L’antiquité a vingt ans

Projection, 31 mars 2012, 12h, Cinéma du Centre Pompidou.

Les Antiquités de Rome (1989) est le premier long métrage de Jean-Claude Rousseau. C’est aussi son premier film à trouver le chemin de diffusion en salle – une programmation, qui comprenait également La Vallée close, eut lieu au Studio des Ursulines à Paris en septembre 2000 avec la complicité de l’ACID (Association du Cinéma Indépendant pour sa Diffusion). Et c’est encore l’ACID qui, pour fêter ses vingt ans, reprogramme ce beau film de J.-C.R. samedi 31 mars à 12h dans la salle cinéma 1 du Centre Pompidou – en présence de l’auteur. Voici un texte que Prosper Hillairet écrivit à l’époque de la sortie du film.

Nouveau venu, qui cherches Rome en Rome. Et rien de Rome en Rome n’aperçois.
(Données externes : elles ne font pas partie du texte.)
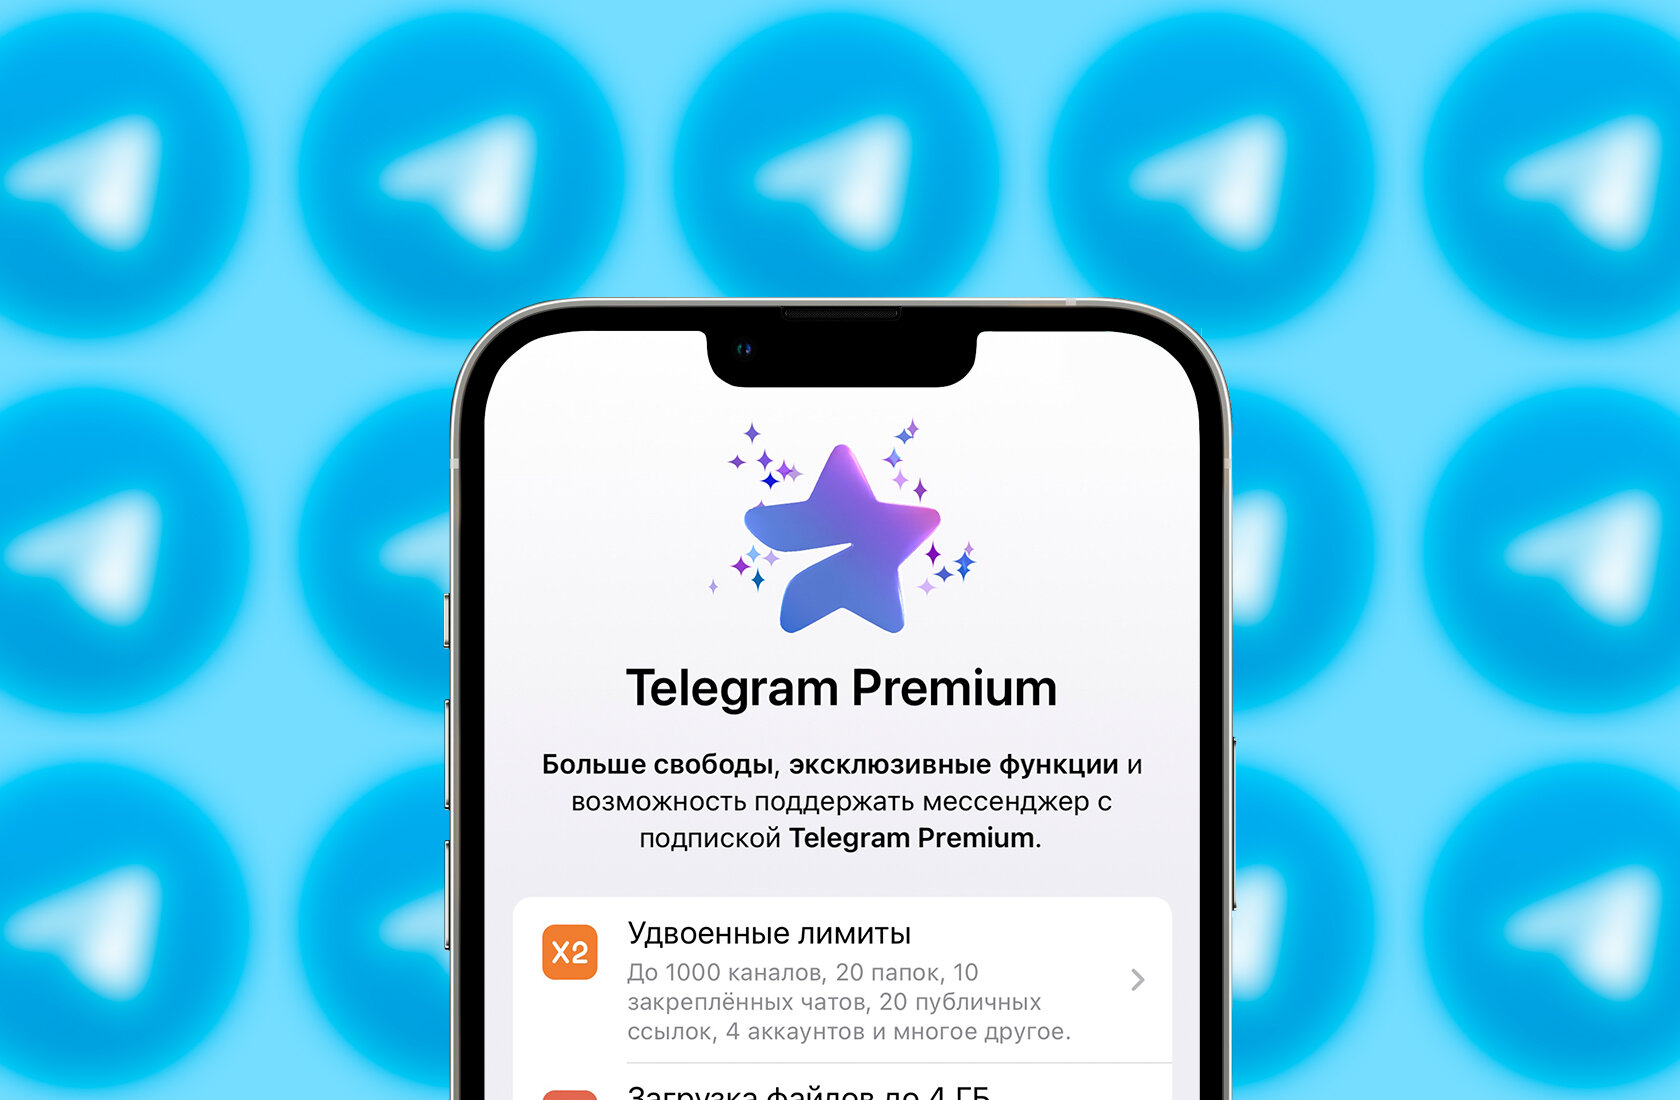 Telegram Premium — неудачная подписка. 8 причин, почему она бессмысленна за свои деньги

Jean‑Claude ROUSSEAU est allé à Rome. Qu’y-a‑t‑il cherché et qu’a‑t‑il aperçu ? Un film en est revenu.

On y voit Rome, ses monuments, ses rues, les chambres d’hôtel où ROUSSEAU est passé. La caméra cadre et montre peut‑être autant les chambres que les monuments. Des chambres, on aperçoit aussi un peu de Rome : un fronton, un bout de façade, un morceau d’église, un mur aveugle.

Les chambres communiquent peu avec la ville. Bien que le voyeur‑voyageur se mette à la fenêtre pour regarder, ce n’est pas vraiment fenêtre sur Rome. C’est par le son que la ville s’engouffre dans les chambres et que chambres et ville communiquent le plus.
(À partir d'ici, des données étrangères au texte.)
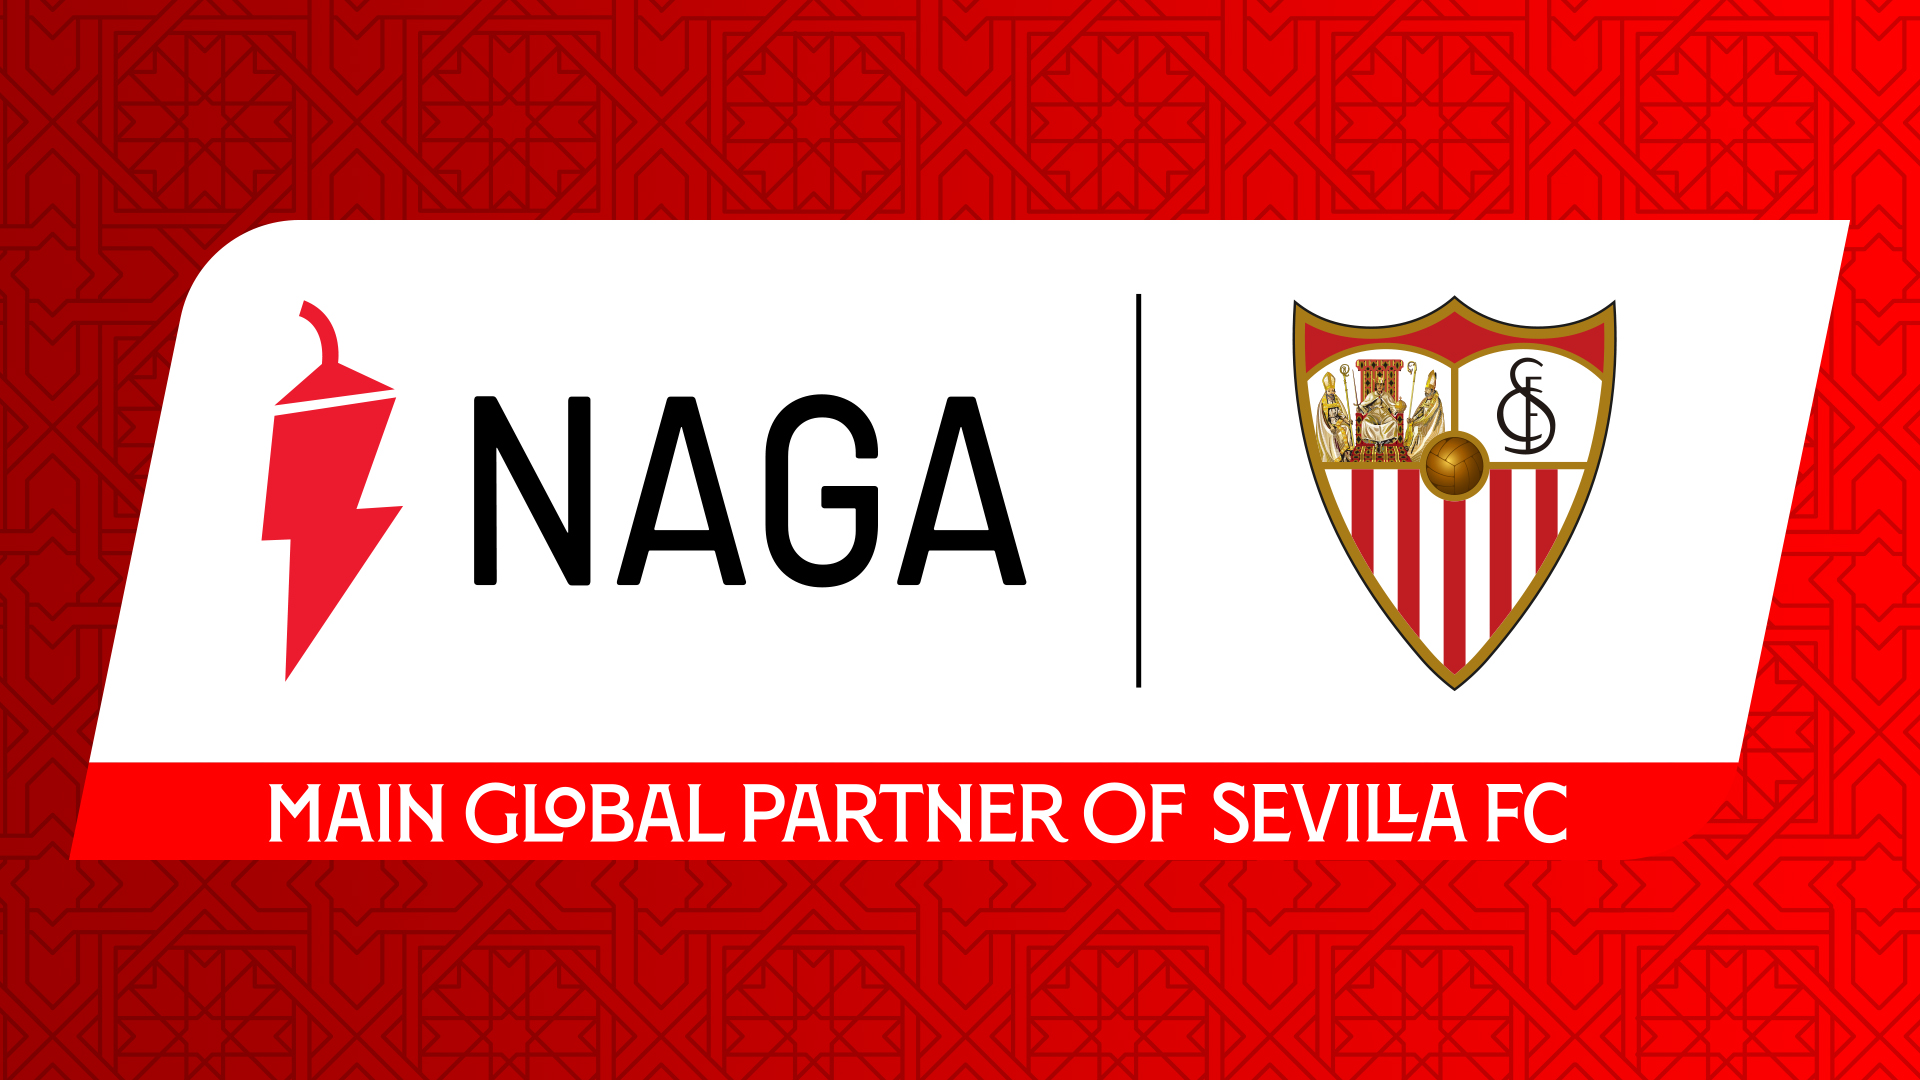 NAGA - Sevilla FC's new sponsor

Cependant, des correspondances visuelles s’établissent. Chaque lieu, monument, chambre a sa propre géographie, géométrie, lumière, Les trois premières parties ont leur figure géométrique : le cercle pour la Rotonde, le triangle pour la Pyramide, le carré pour le Forum de Trajan. Ces figures se distribuent tout le long du film, tissant des jeux d’analogies ou d’oppositions le triangle d’un fronton dans le cadre d’une fenêtre et un triangle lumineux sur le mur d’une chambre. Les figures géométriques forment et font communiquer la géographie des lieux, tout en étant soumises aux changements de la lumière qui devient événement dans le cadre de l’écran.

Le cercle et le carré sont les figures primordiales. Le carré surtout. Il est le lieu de l’échange. Cadre de l’écran lumineux, cadres des fenêtres. des miroirs, des portes. Il est lieu de passage, de communication. Passage de l’image, communication de la ville et des chambres (fenêtres). La chambre elle‑même est lieu du cadre les miroirs. qui forment des doubles et parfois introduisent des géographies improbables dans certaines chambres. Les chambres ouvrent peu sur la ville mais ouvrent sur elles‑mêmes par des miroirs.
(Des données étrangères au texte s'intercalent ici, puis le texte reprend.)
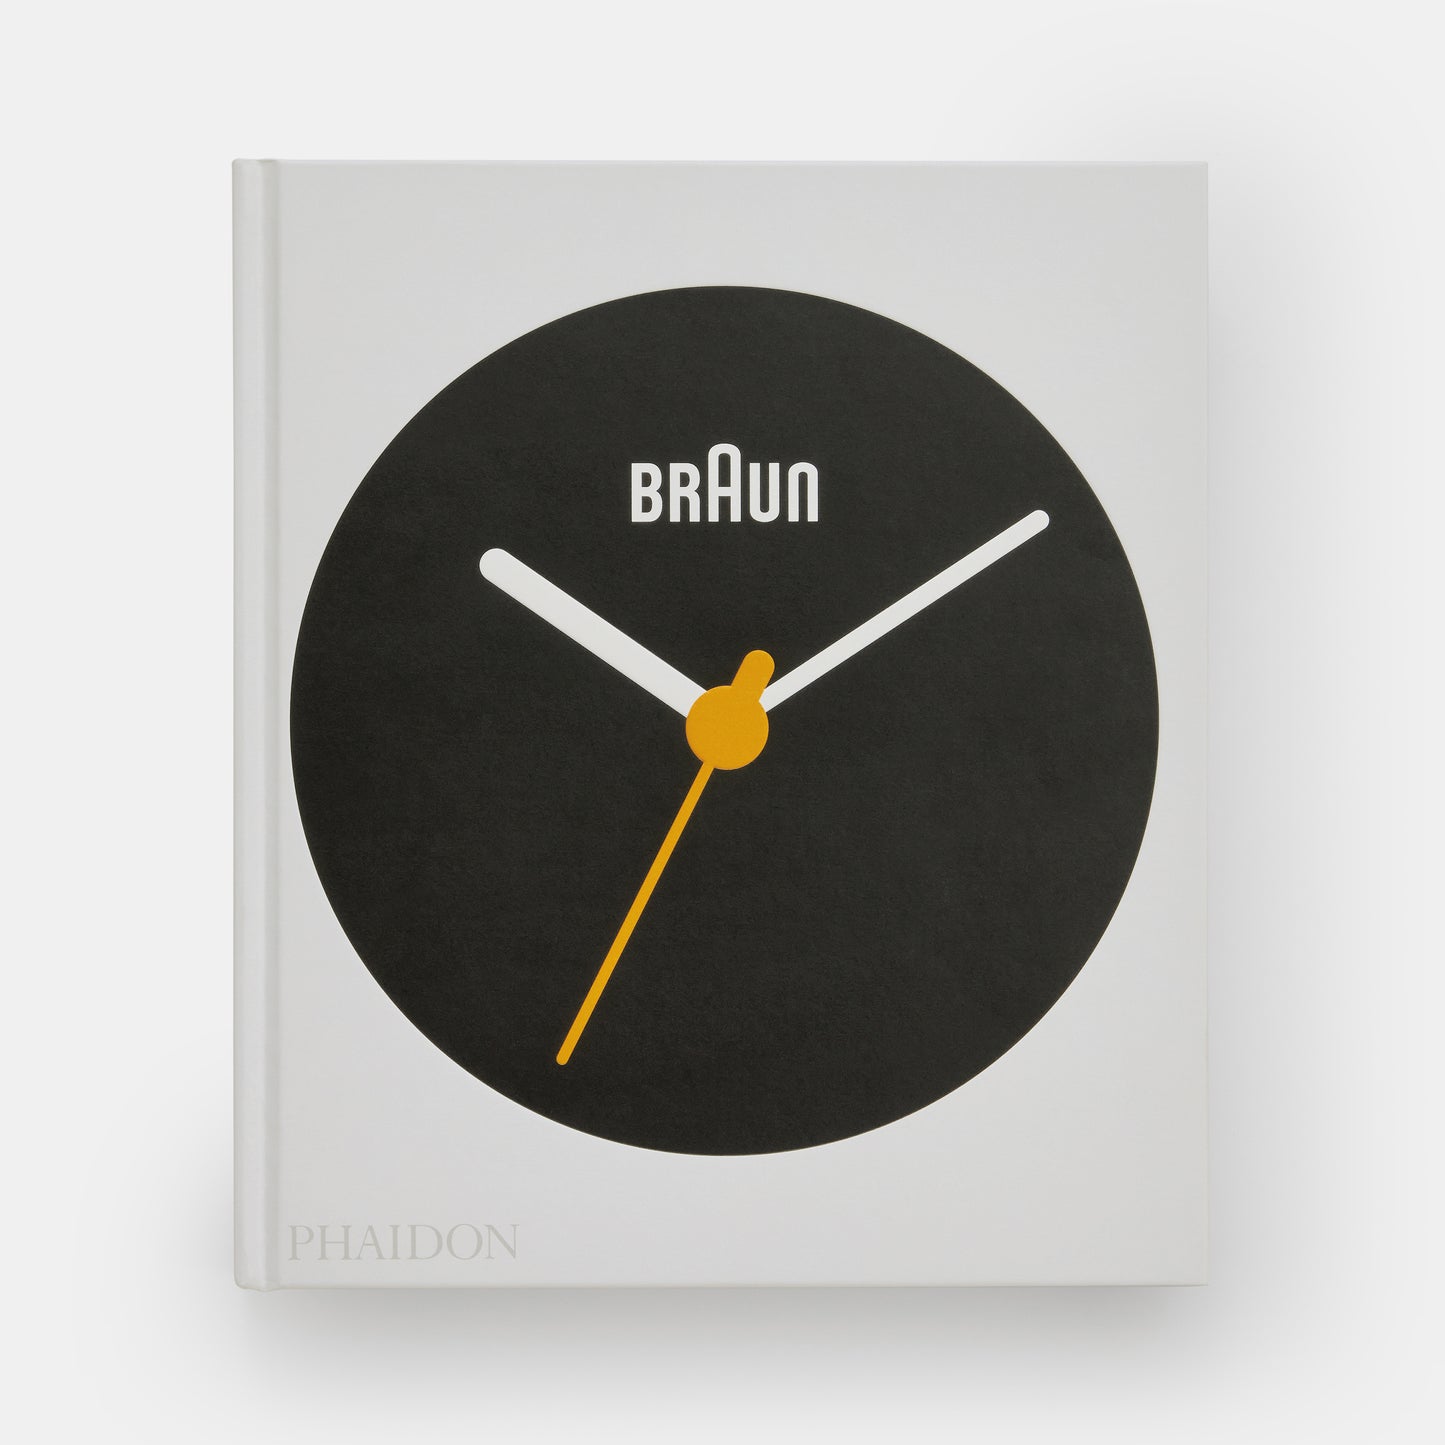 Braun: Designd to Keep

Le carré est la figure, le lieu du double et de l’échange. Ainsi dans L’épisode du Forum de Trajan où le cadre d’une porte redouble (en abyme) le cadre de l’écran et où pour l’unique fois le voyeur est dans la ville. Ici chambre et ville s’échangent : le voyeur passe en ville, le garçon de la ville passe en chambre, et se regarde dans le miroir.

Miroir, double. Le carré en est le lieu. Miroirs qui redoublent les chambres, le cinéaste en miroir. Figures du double deux fenêtres de chambre, deux chaises du voyeur, deux ponts (en symétrie) dans l’épisode central, cadres de fenêtres, de portes. qui redoublent celui de l’écran, de l’image. Carré dans le carré. Rome dans Rome.

Le carré entre en relation de miroir, d’analogie avec lui‑même par le double, mais il entre aussi en opposition avec l’autre figure primordiale, le cercle. Dans l’épisode de la Rotonde et sa reprise dans Songe, cercle et carré établissent des relations d’antagonisme. d’encerclement ou d’encadrement.

Le carré est terrien, minéral, noir (Forum de Trajan), il s’impose dans la permanence du cadre e cercle est aérien, aquatique. lumineux (Rotonde), il se transforme en lune, en bleu du ciel.

Le carré est le lieu permanent de monstration (cadre de l’image), le cercle est tremblement dans le cadre, événement.

Le carré est la figure de l’espace, espace de présentation de la ville (image, fenêtre), lieu de l’événement. Le cercle est la figure du temps, passage cyclique, répétitions, retours – surtout dans Songe où les deux figures s’opposent et où reviennent des lieux, des événements des épisodes précédents (retour du garçon qui se lave).

Le carré est du côté du monument, de l’image comme monument qui retient et se souvient le cercle est du côté de l’événement qui survient et revient. Les lieux reviennent dans le temps du film, le temps se retient dans le cadre de l’image. Cendre du temps dans le gel de l’image.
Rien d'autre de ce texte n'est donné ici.